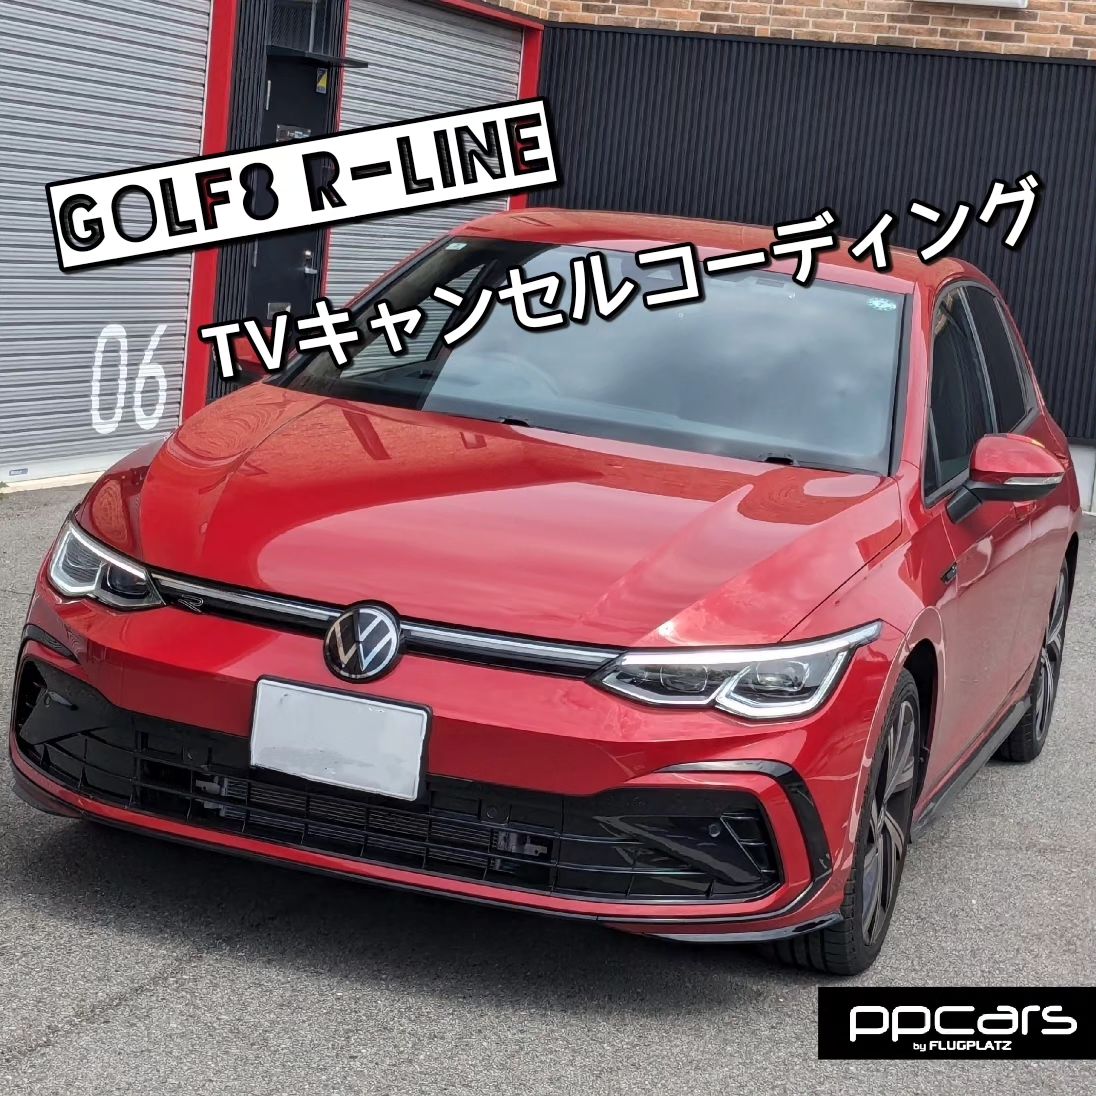 Golf8 (5H) R-Line x コーディング (TVキャンセル)
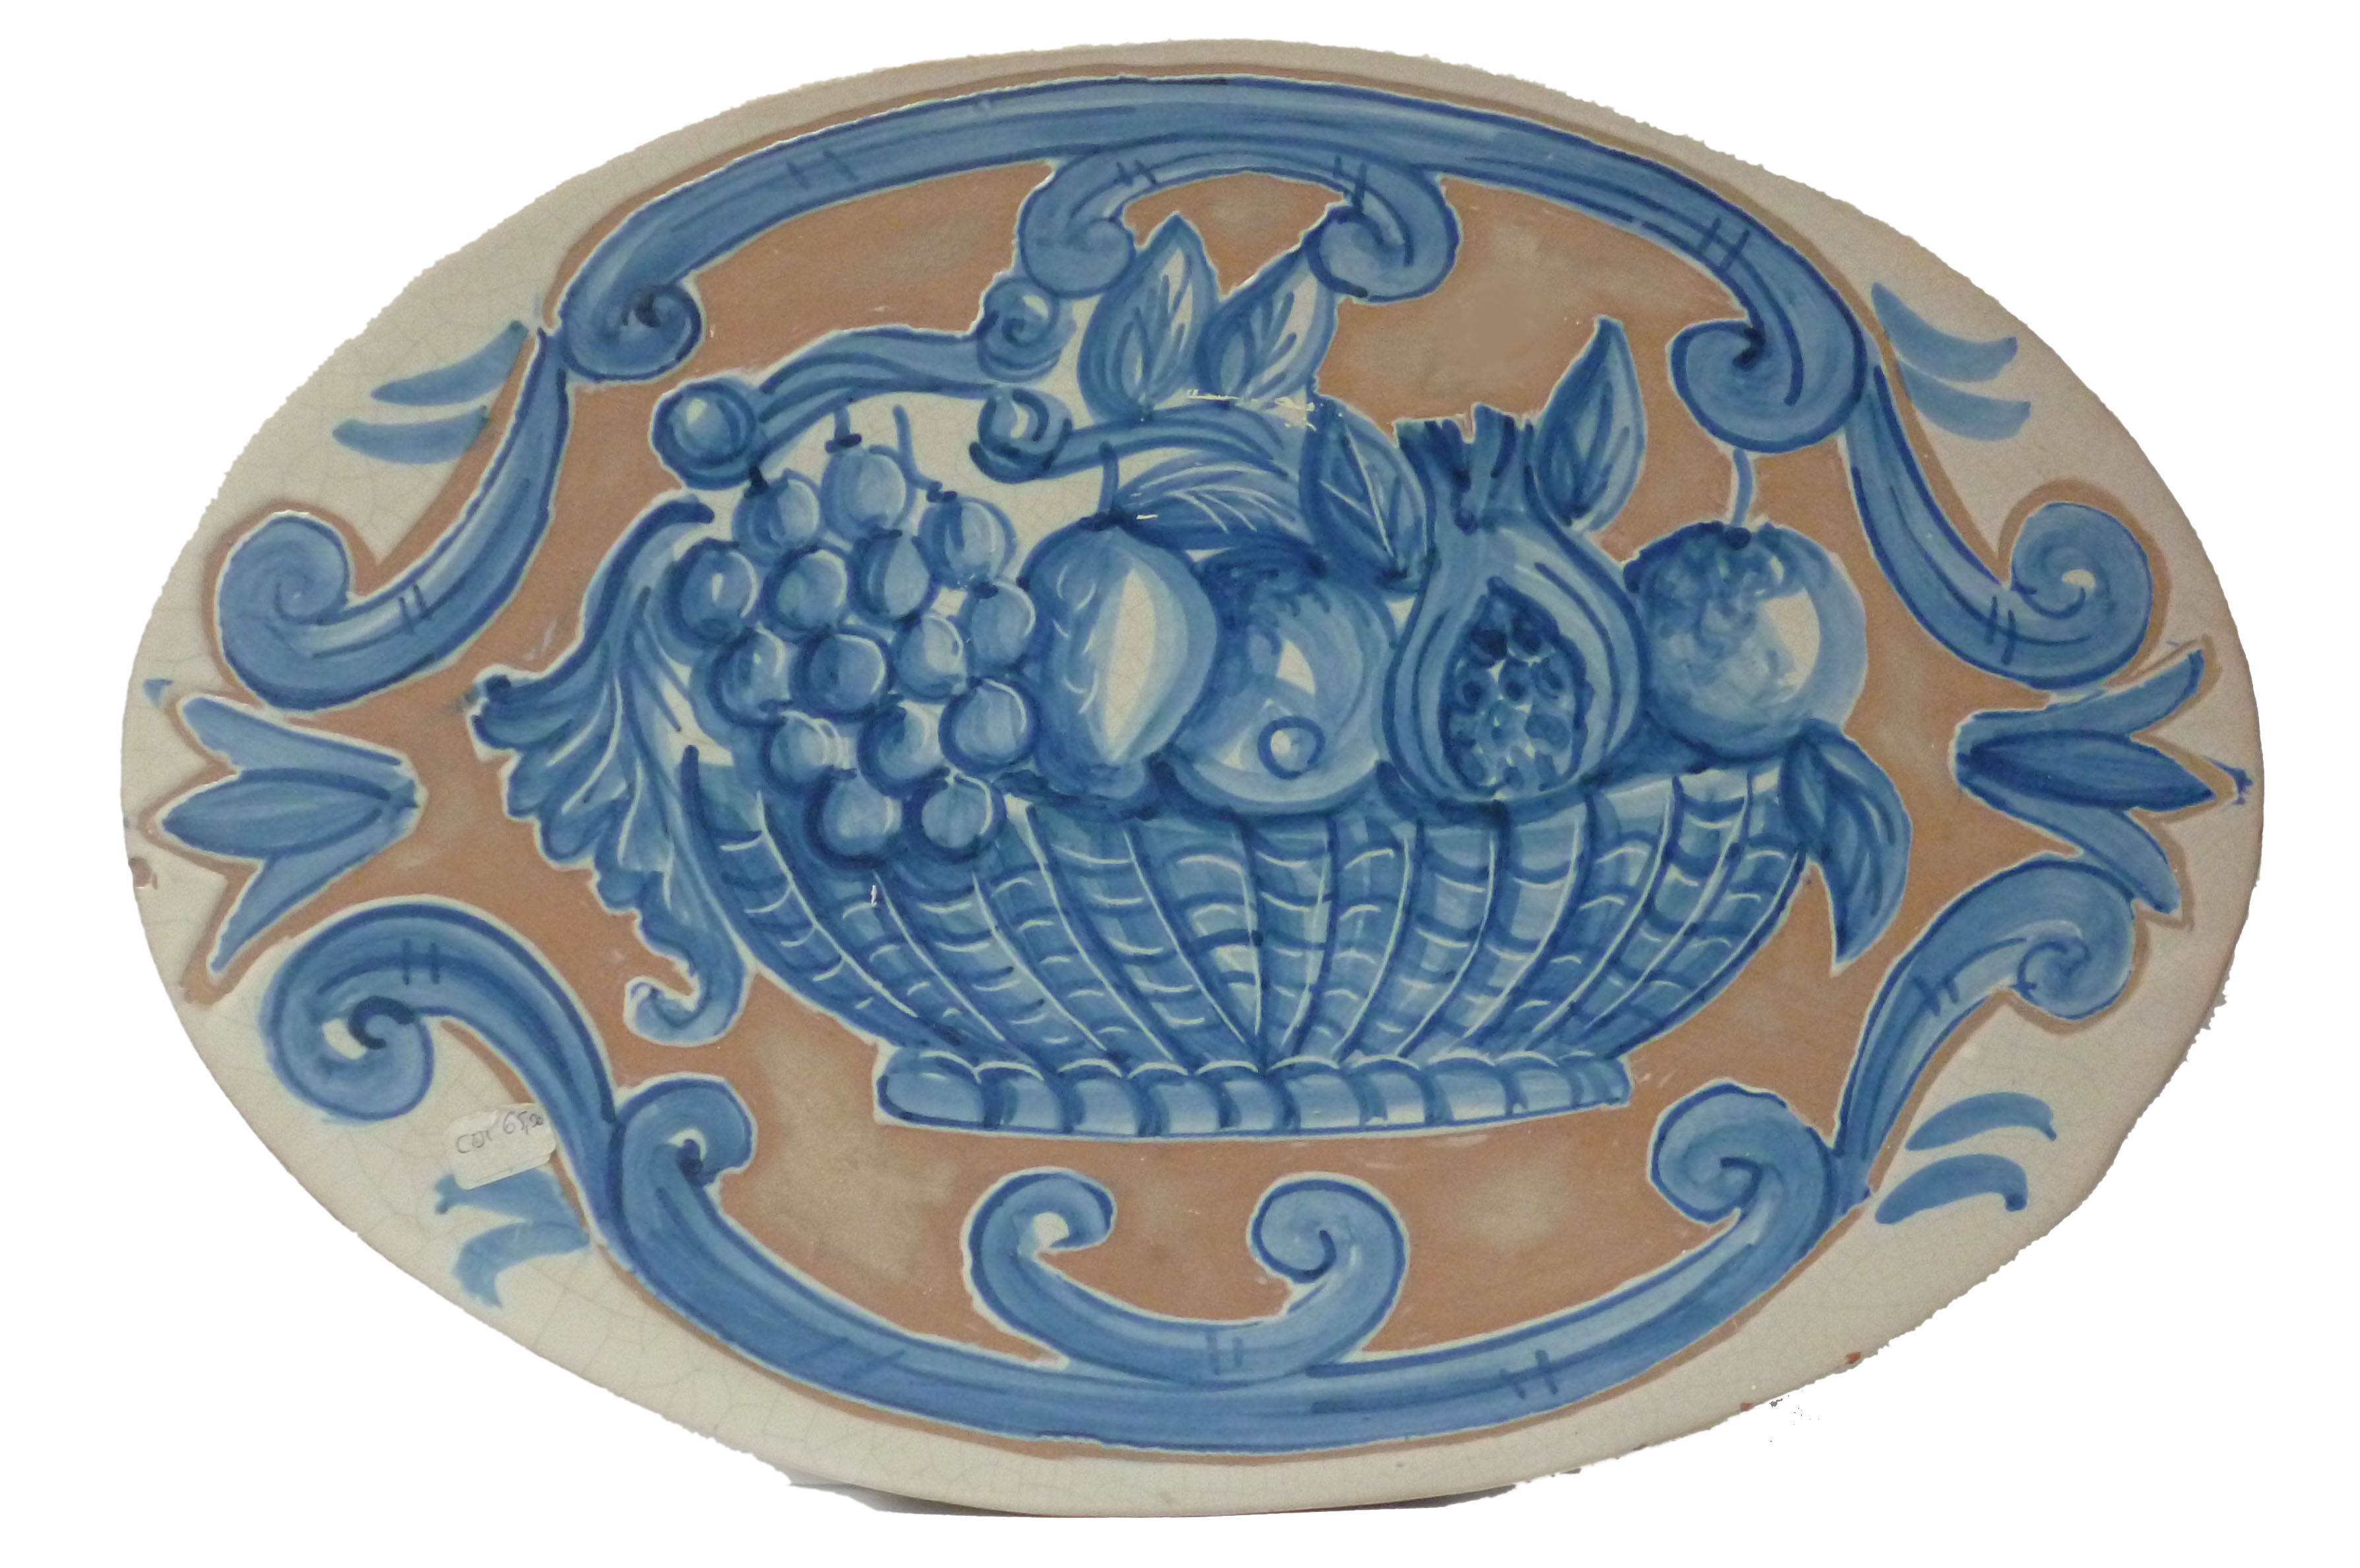 Ovale con cesto di frutta, colore azzurro. Dimensioni 30x40
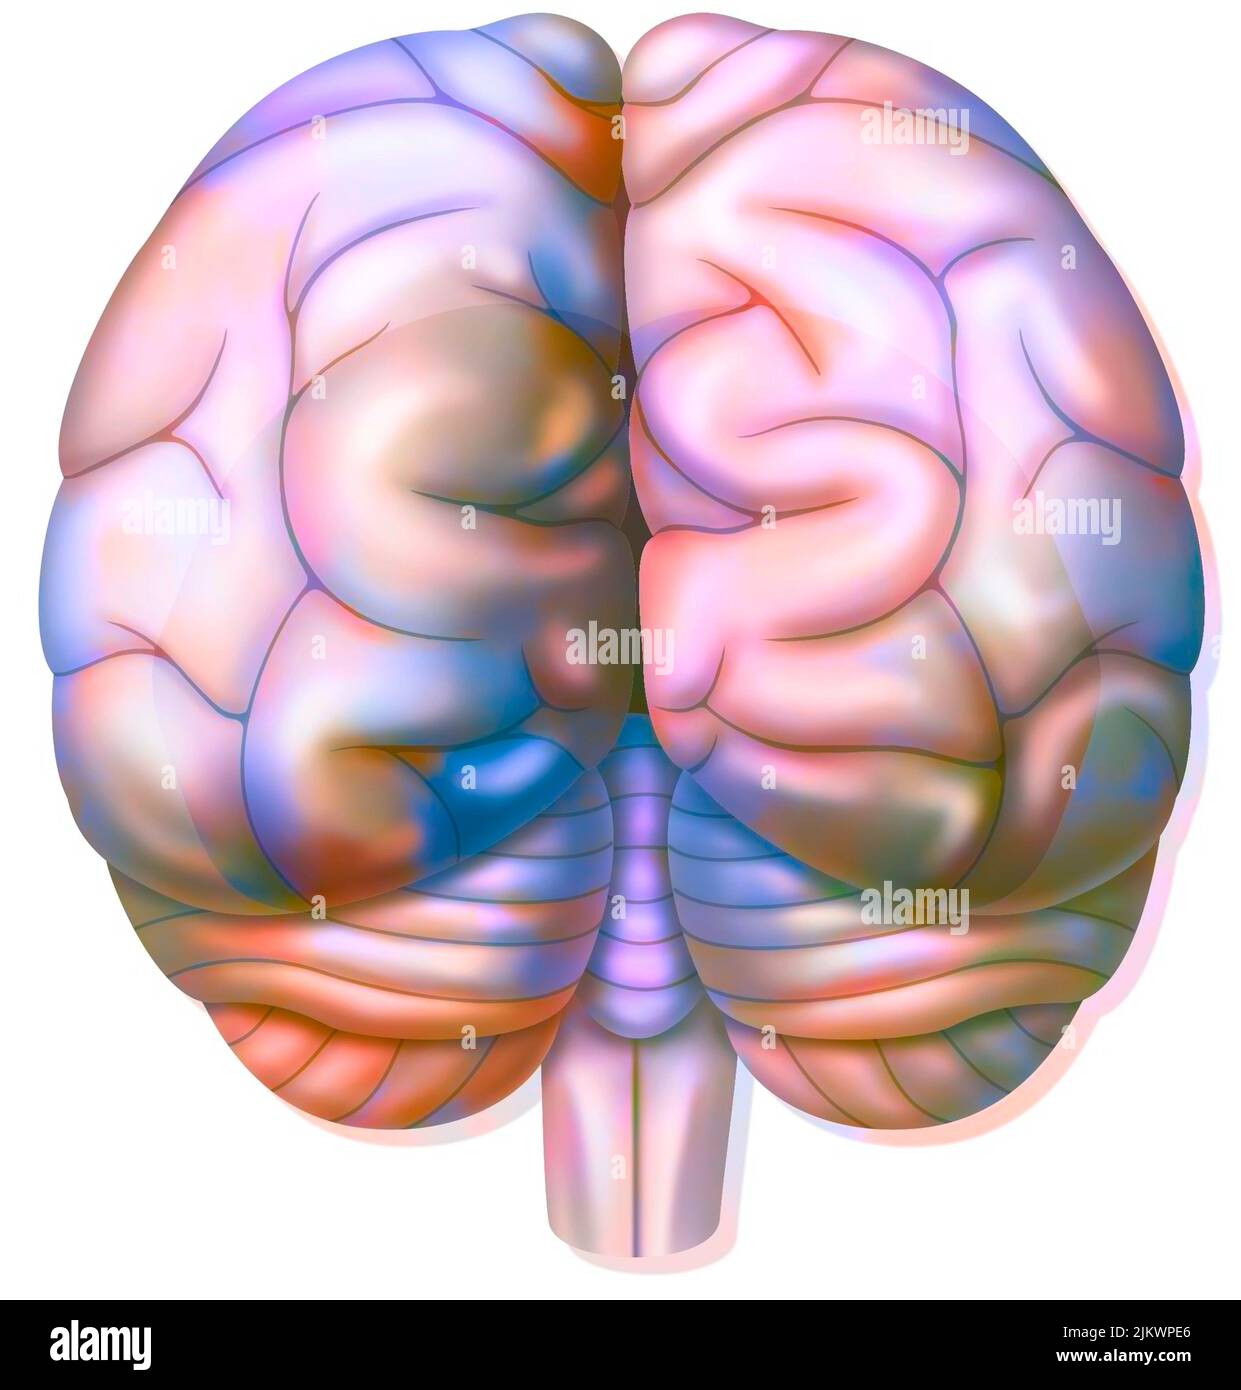 Die Hinterhauptlappen des Gehirns in der hinteren Ansicht. Stockfoto

◇ ◇ ◇ ◇ ◇ ◇ ◇

◆ Instructions for the task: Each line above should be returned exactly as it stands, minus any pictures.

◆ Reply:
 Golf8 (5H) R-Line x コーディング (TVキャンセル)
 Ovale con cesto di frutta, colore azzurro. Dimensioni 30x40
 Die Hinterhauptlappen des Gehirns in der hinteren Ansicht. Stockfoto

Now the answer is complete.